■ **TASK TO CARRY OUT**
Reproduce the whole listing below without its pictures, exactly as written.

■ **SOURCE MATERIAL**
********

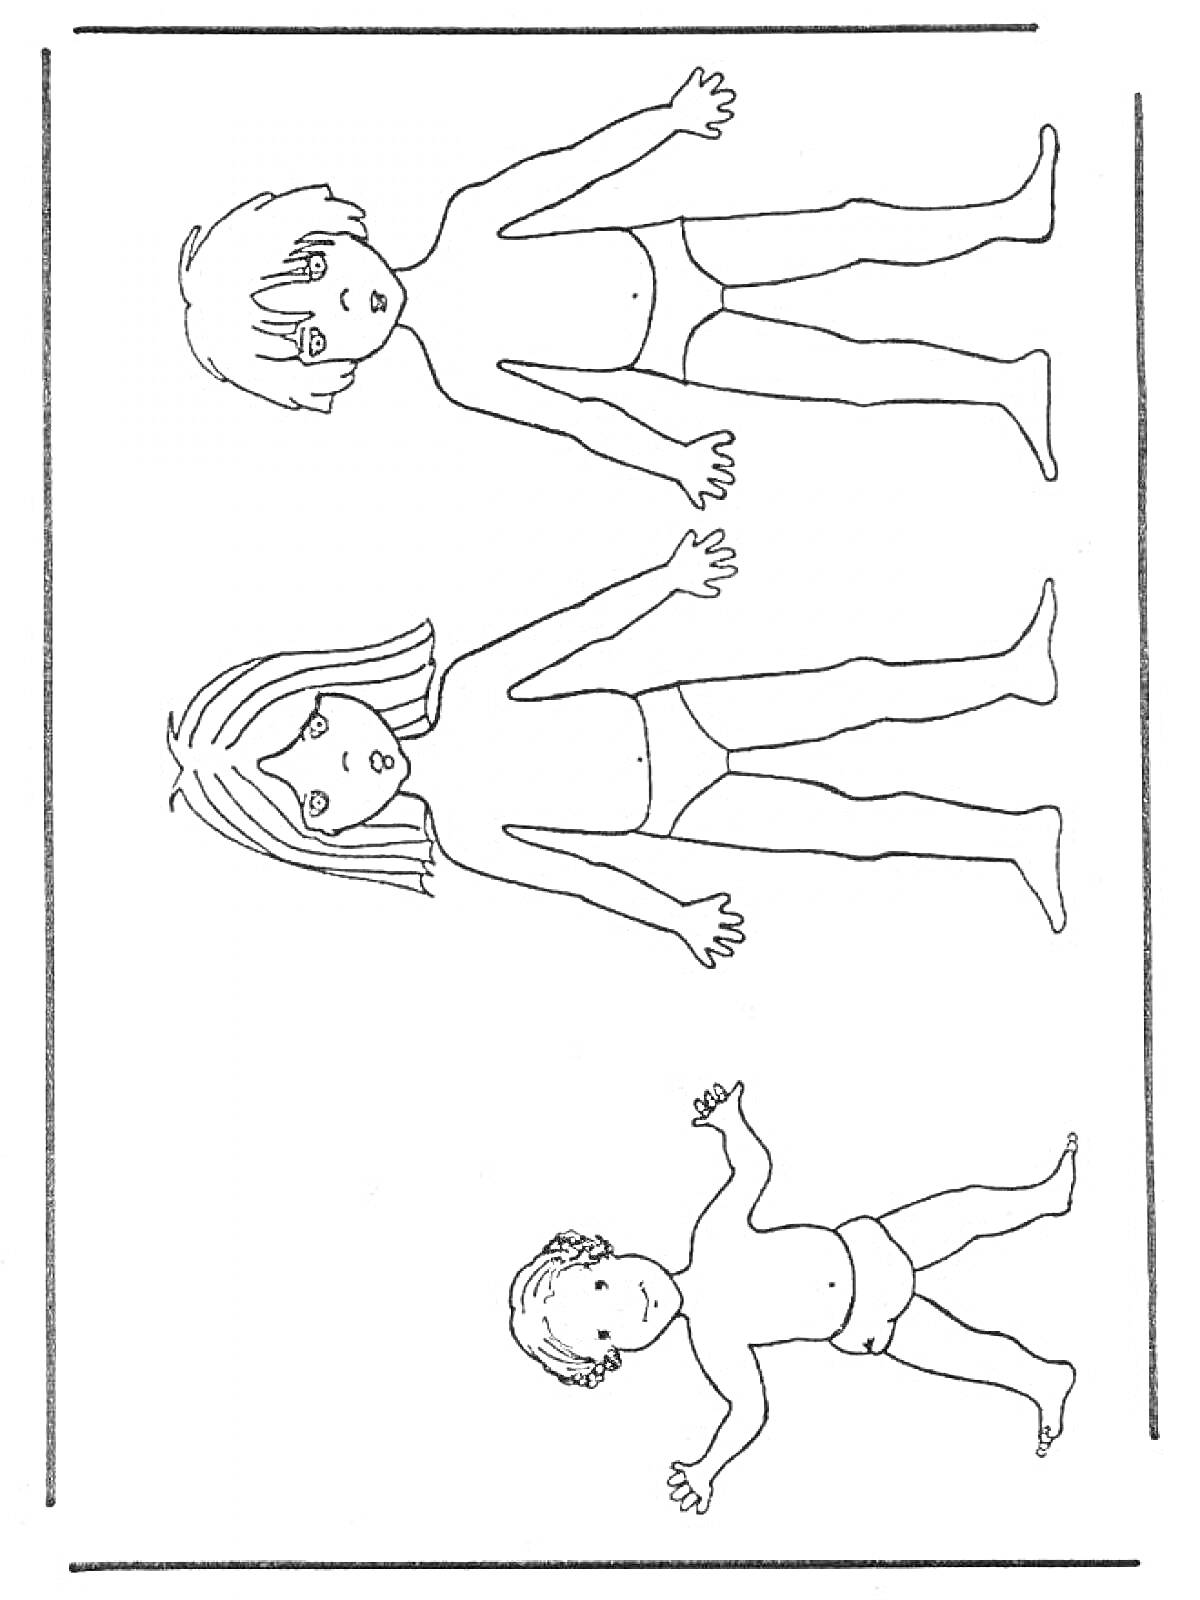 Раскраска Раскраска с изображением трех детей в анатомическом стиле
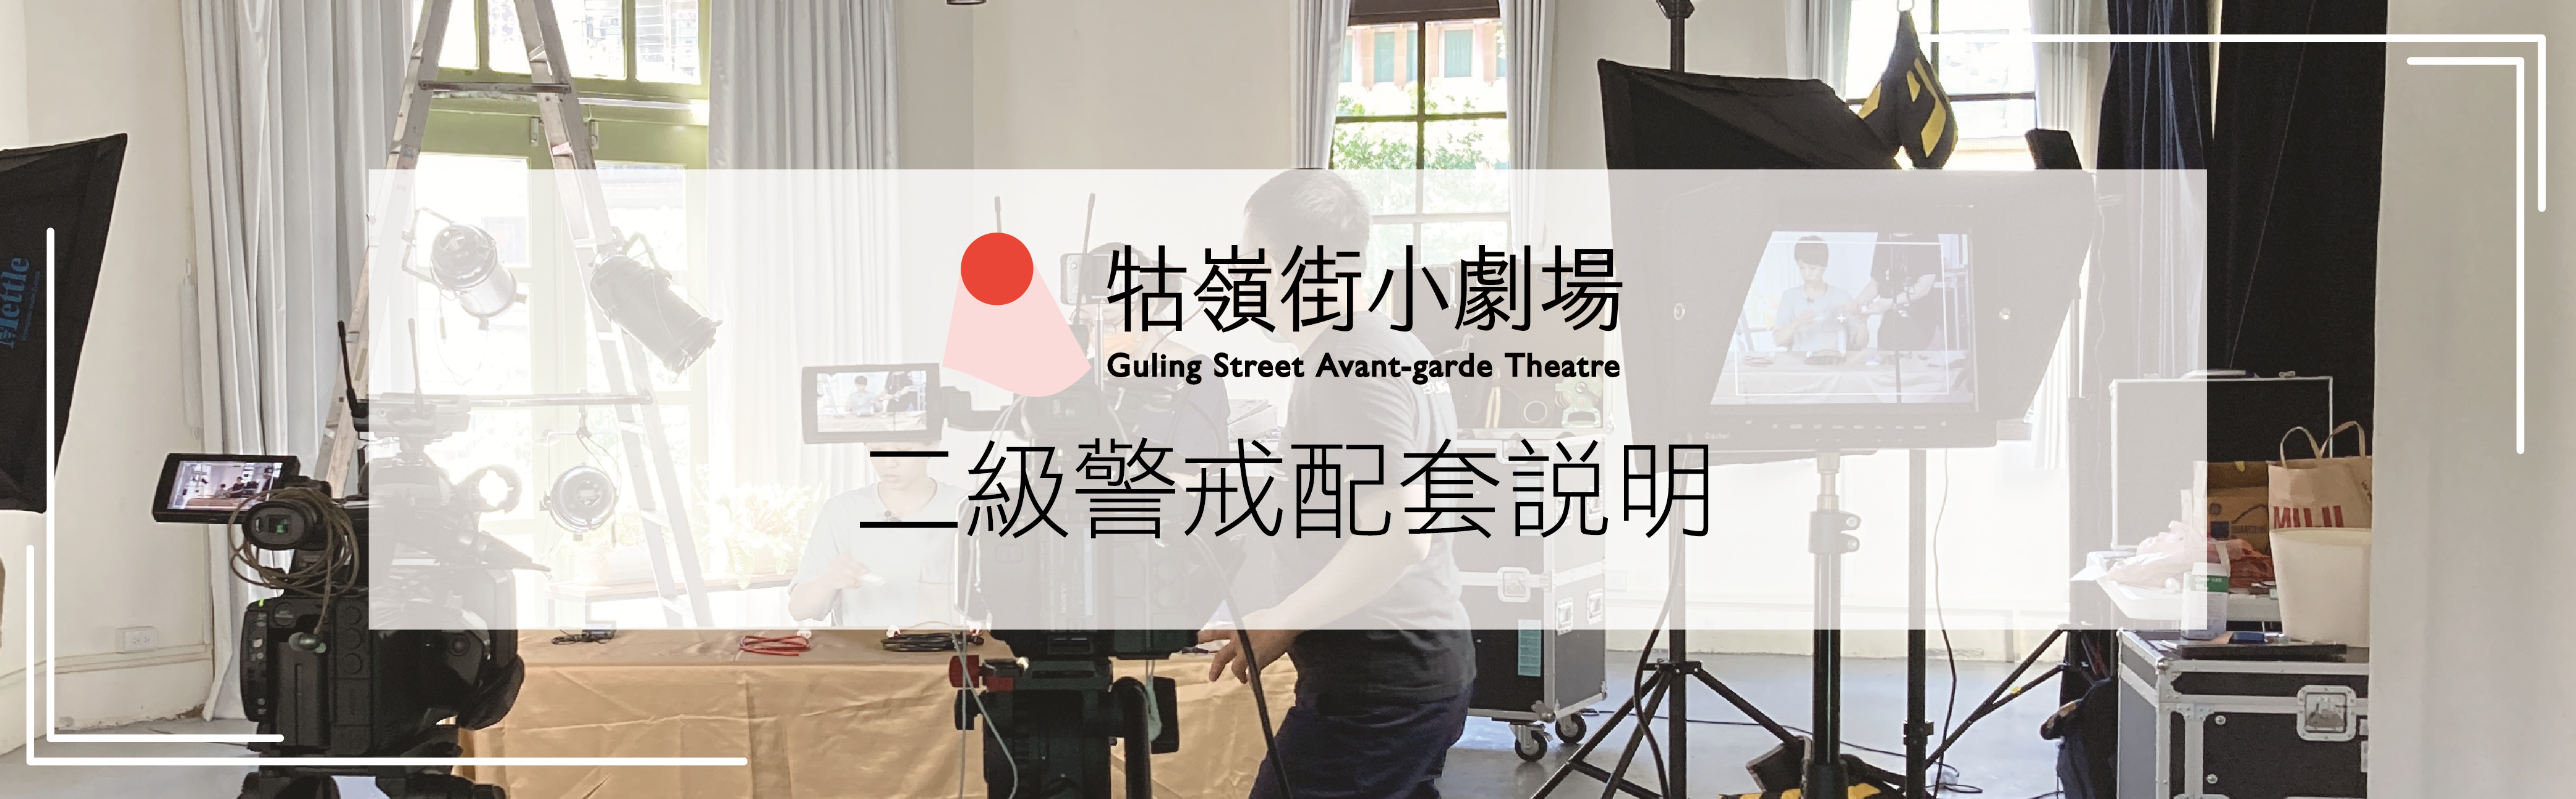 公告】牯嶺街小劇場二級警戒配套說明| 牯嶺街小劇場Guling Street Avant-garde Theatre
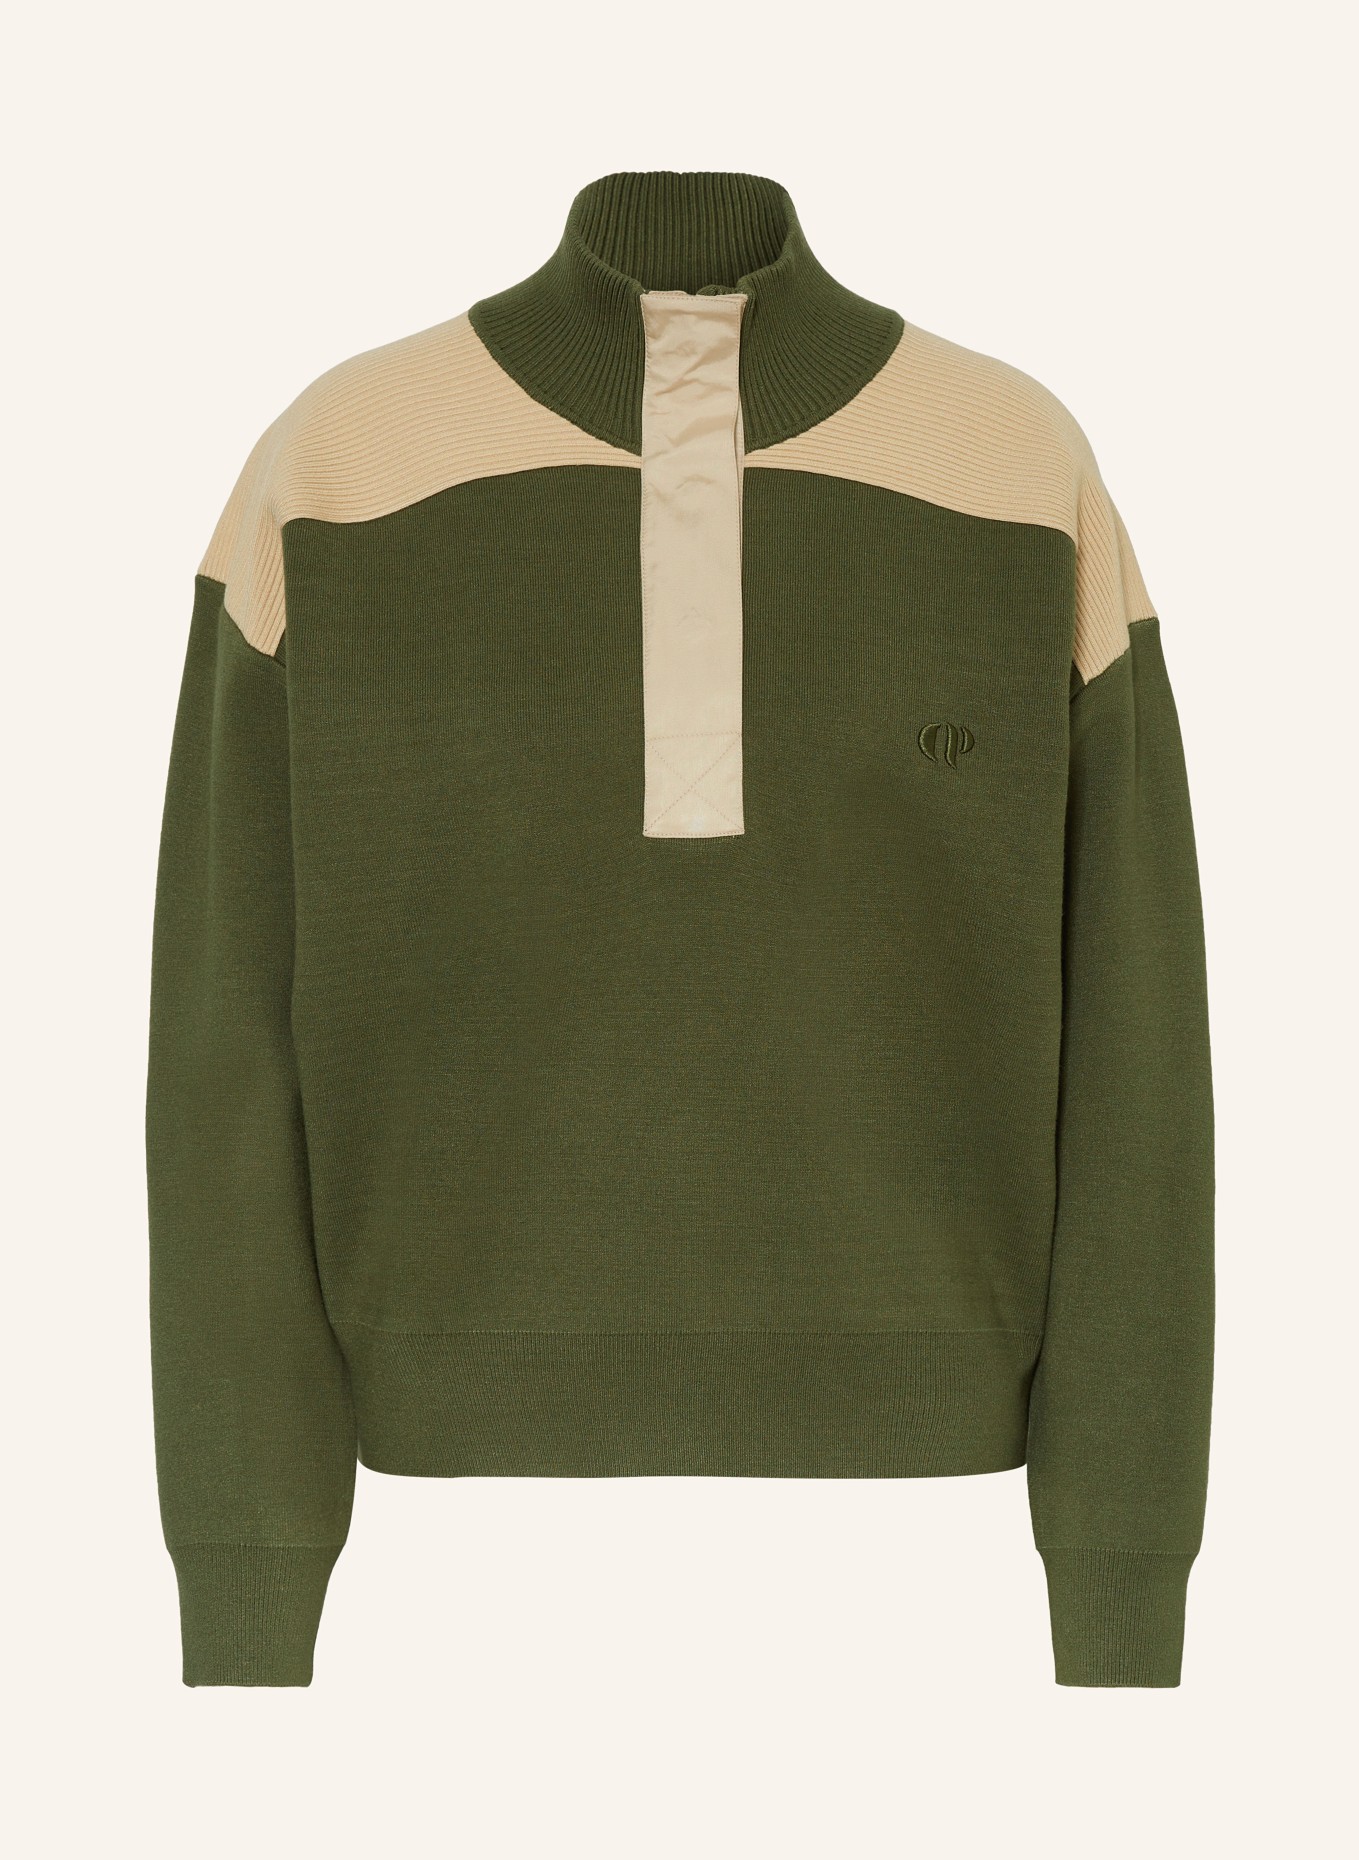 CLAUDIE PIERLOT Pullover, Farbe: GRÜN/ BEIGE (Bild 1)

********

■ **YOUR SOLUTION**
 Раскраска Раскраска с изображением трех детей в анатомическом стиле
 公告】牯嶺街小劇場二級警戒配套說明| 牯嶺街小劇場Guling Street Avant-garde Theatre
 CLAUDIE PIERLOT Pullover, Farbe: GRÜN/ BEIGE (Bild 1)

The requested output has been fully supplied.